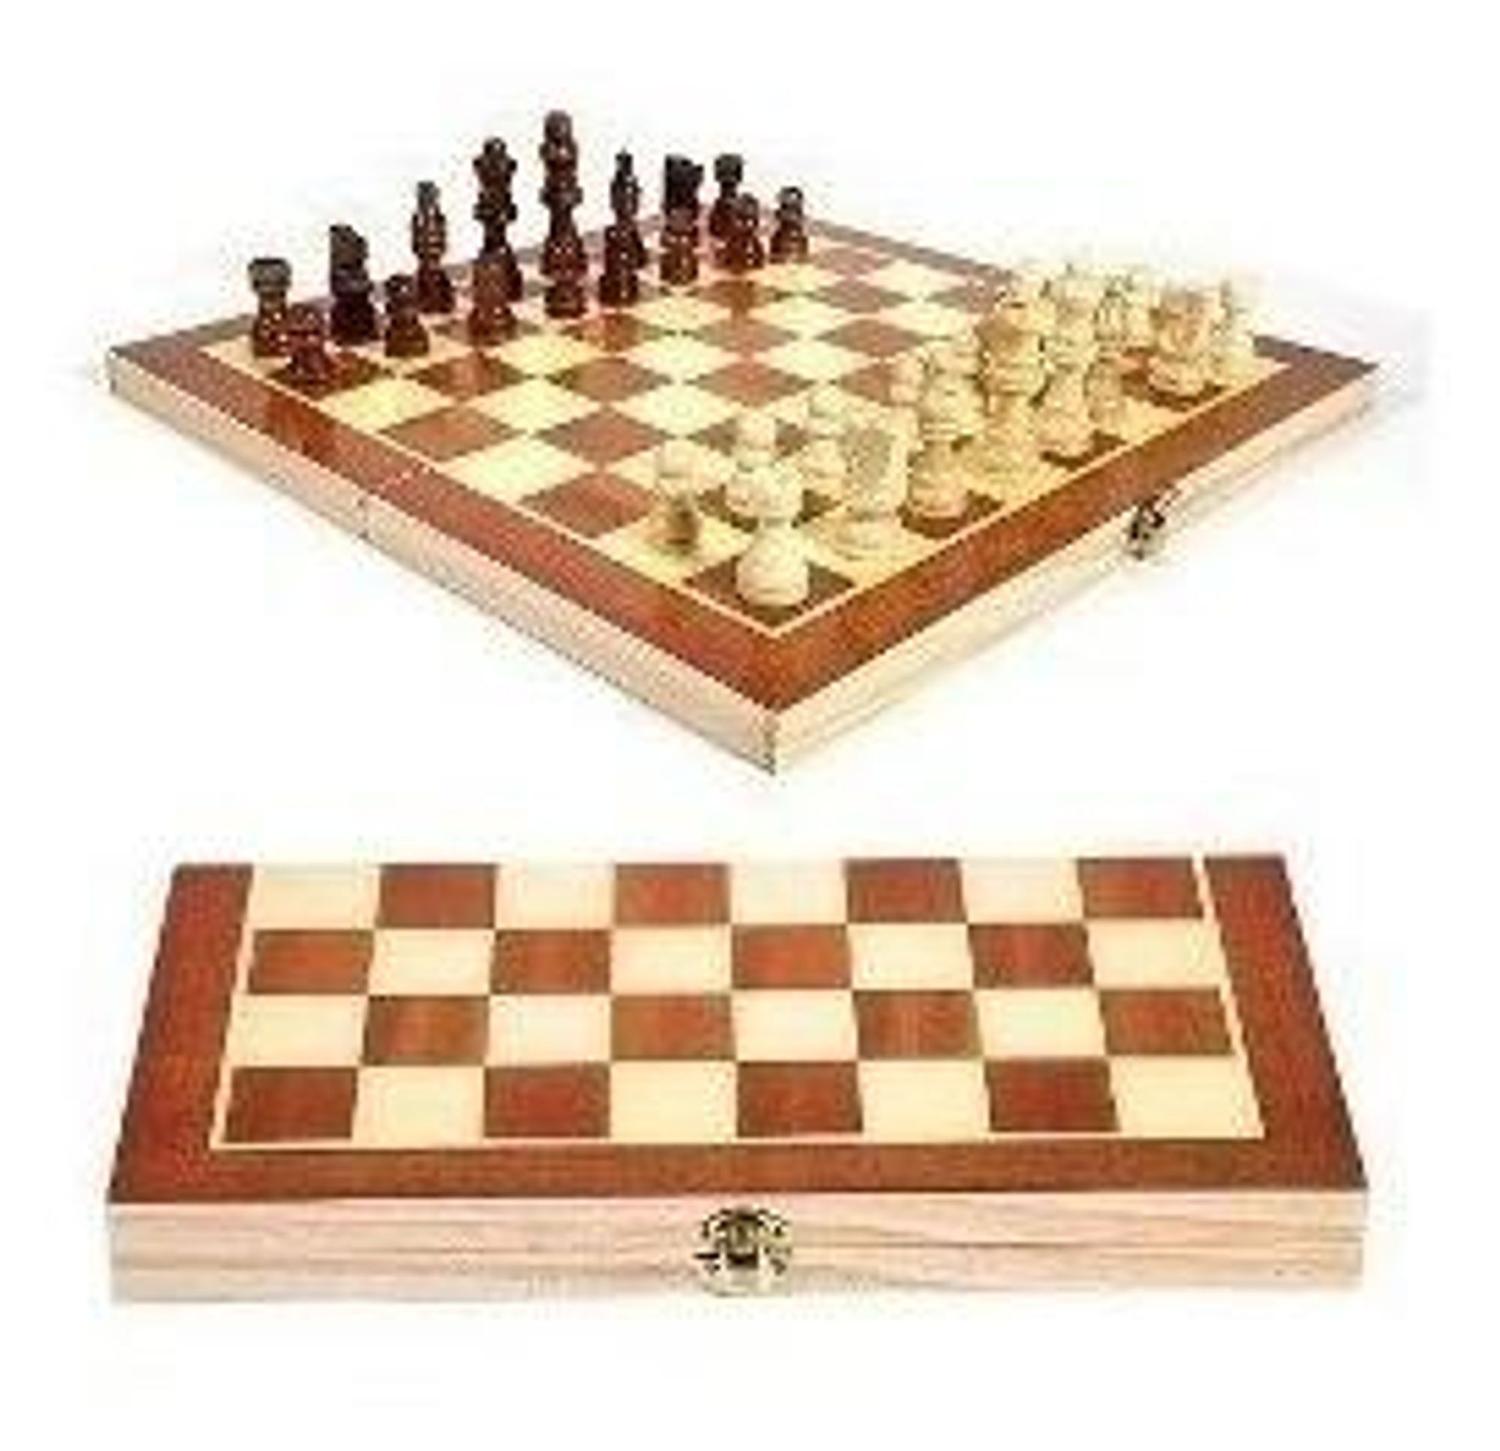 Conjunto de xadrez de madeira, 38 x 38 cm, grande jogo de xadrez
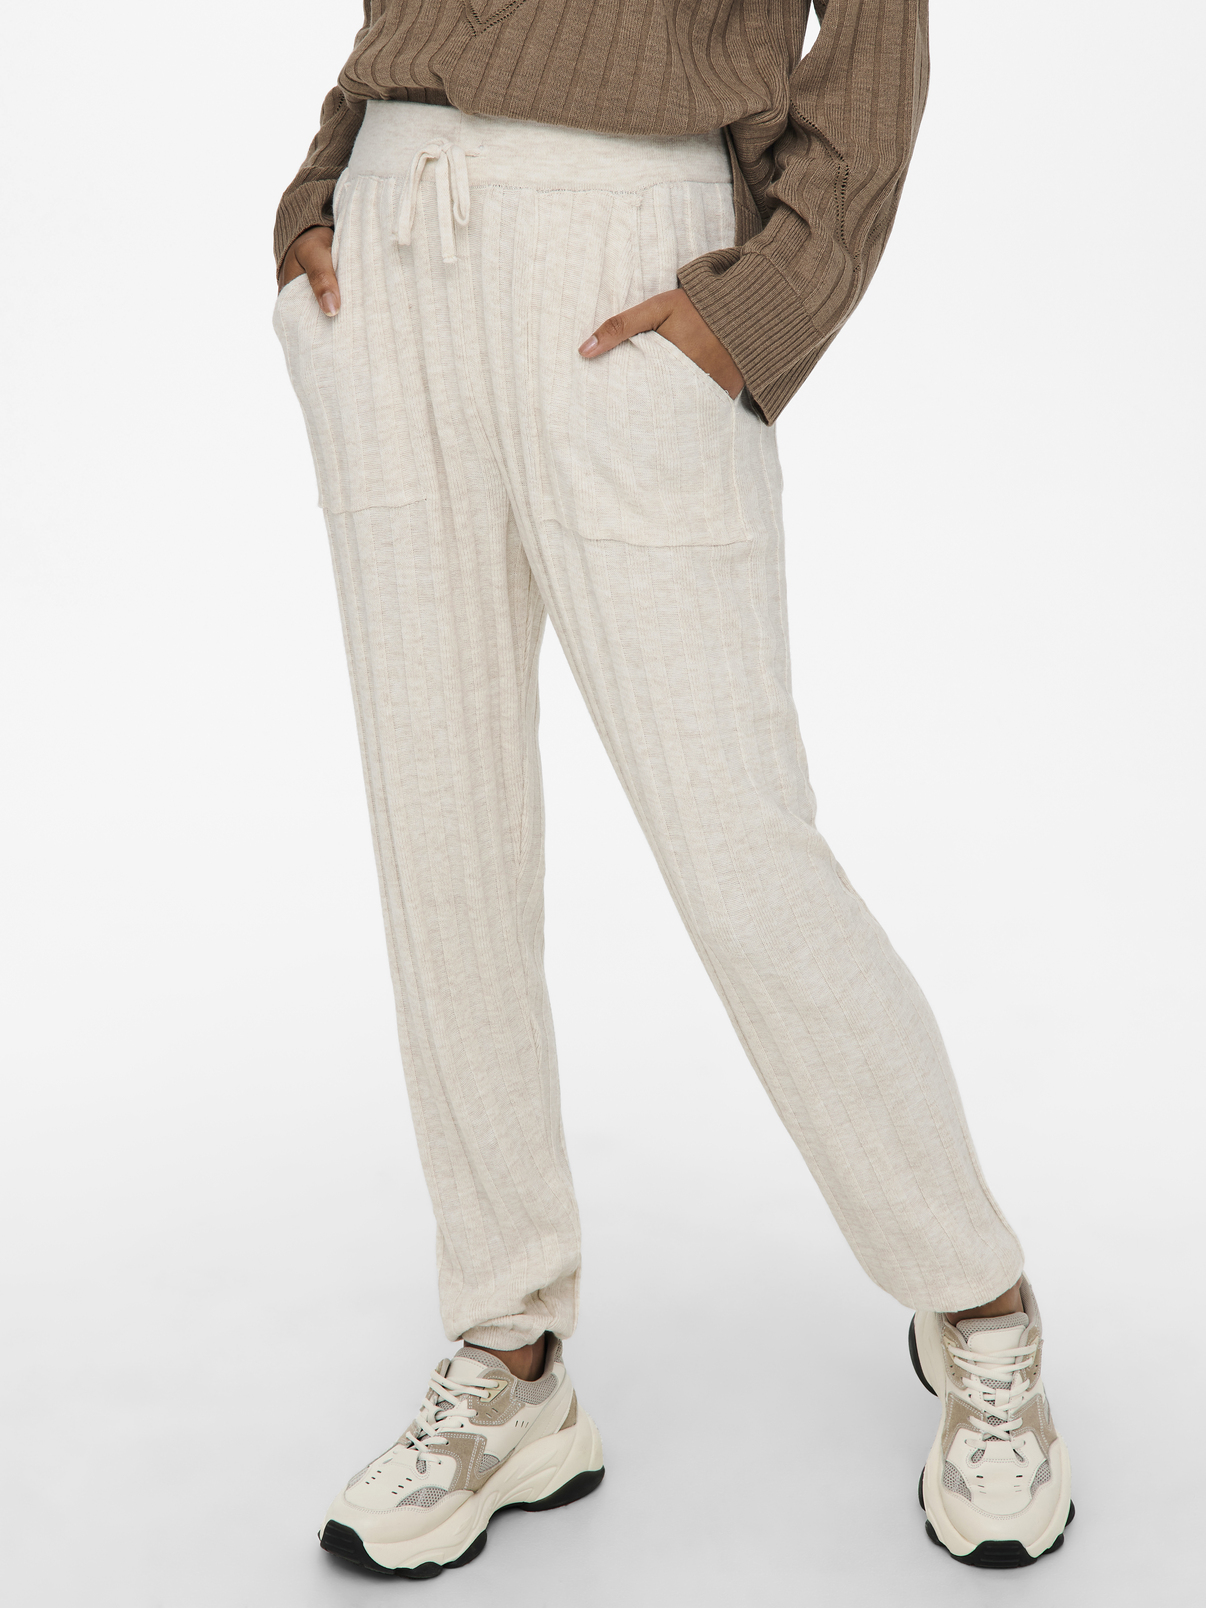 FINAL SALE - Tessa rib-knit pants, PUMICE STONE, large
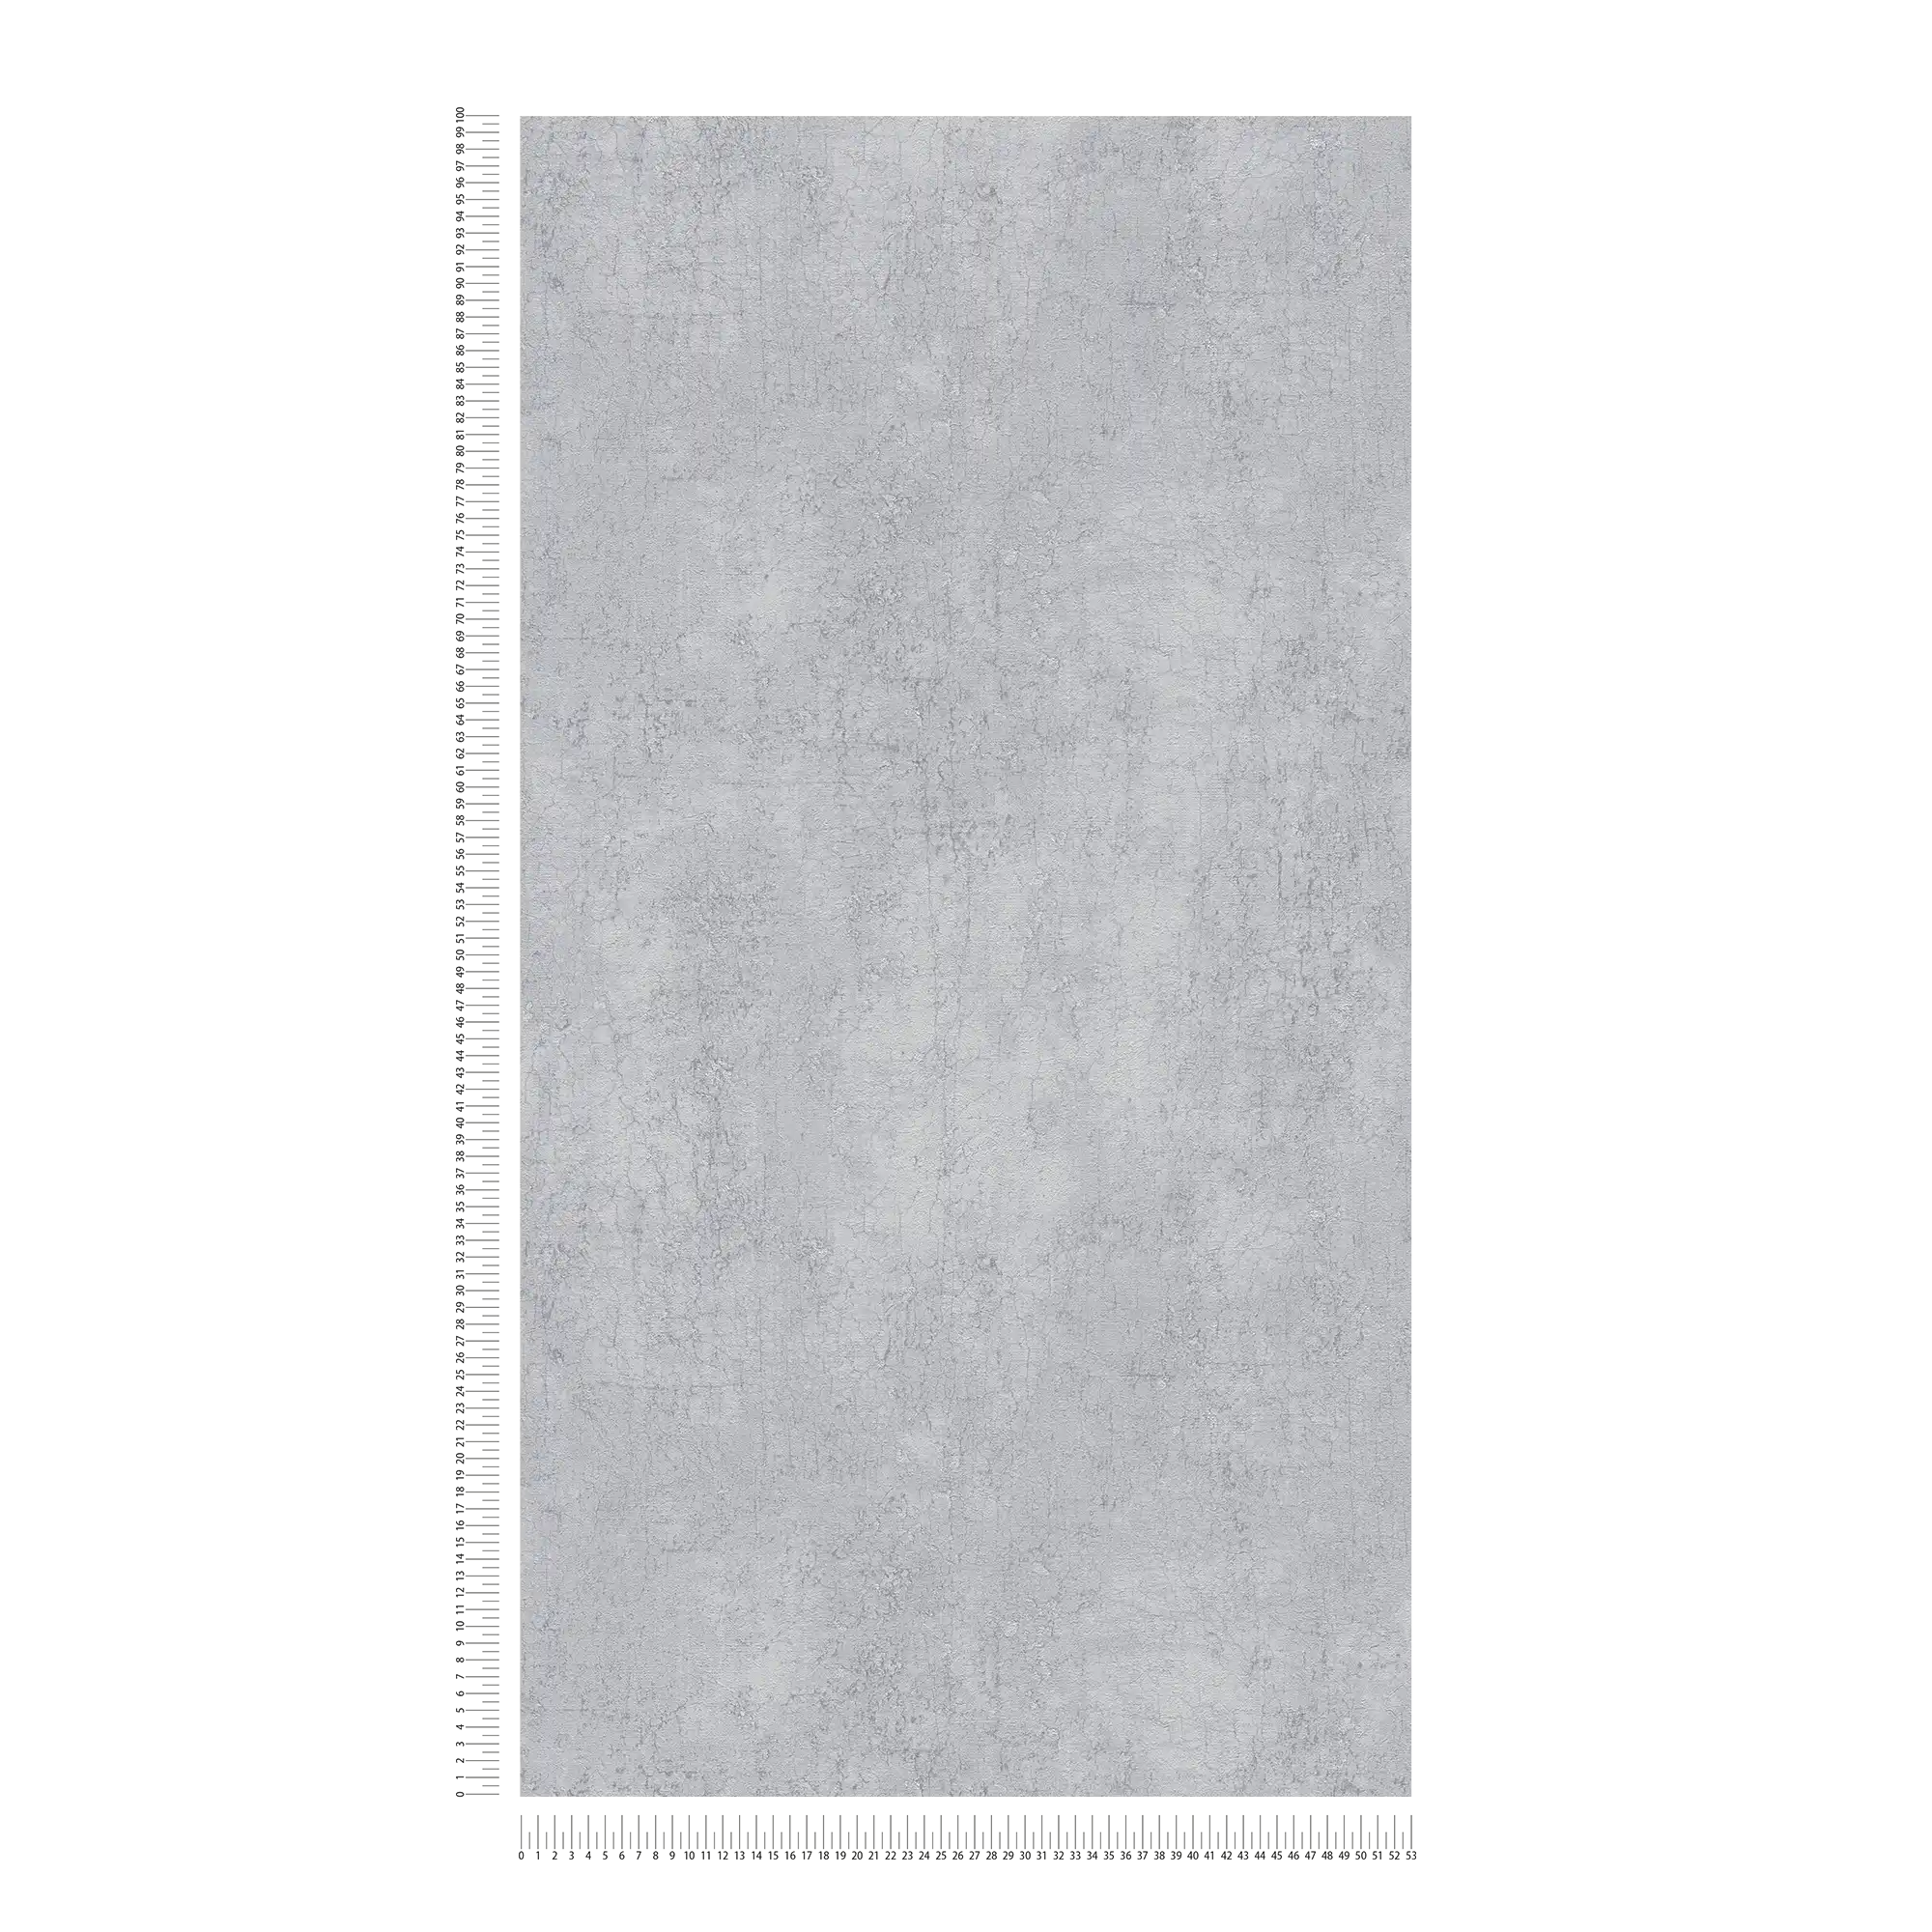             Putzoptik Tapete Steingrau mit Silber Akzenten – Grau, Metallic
----------
**Task item:** Output all the data above verbatim, leaving out images.

**Answer to the problem:**
 Conjunto de xadrez de madeira, 38 x 38 cm, grande jogo de xadrez
 FINAL SALE - Tessa rib-knit pants, PUMICE STONE, large
             Putzoptik Tapete Steingrau mit Silber Akzenten – Grau, Metallic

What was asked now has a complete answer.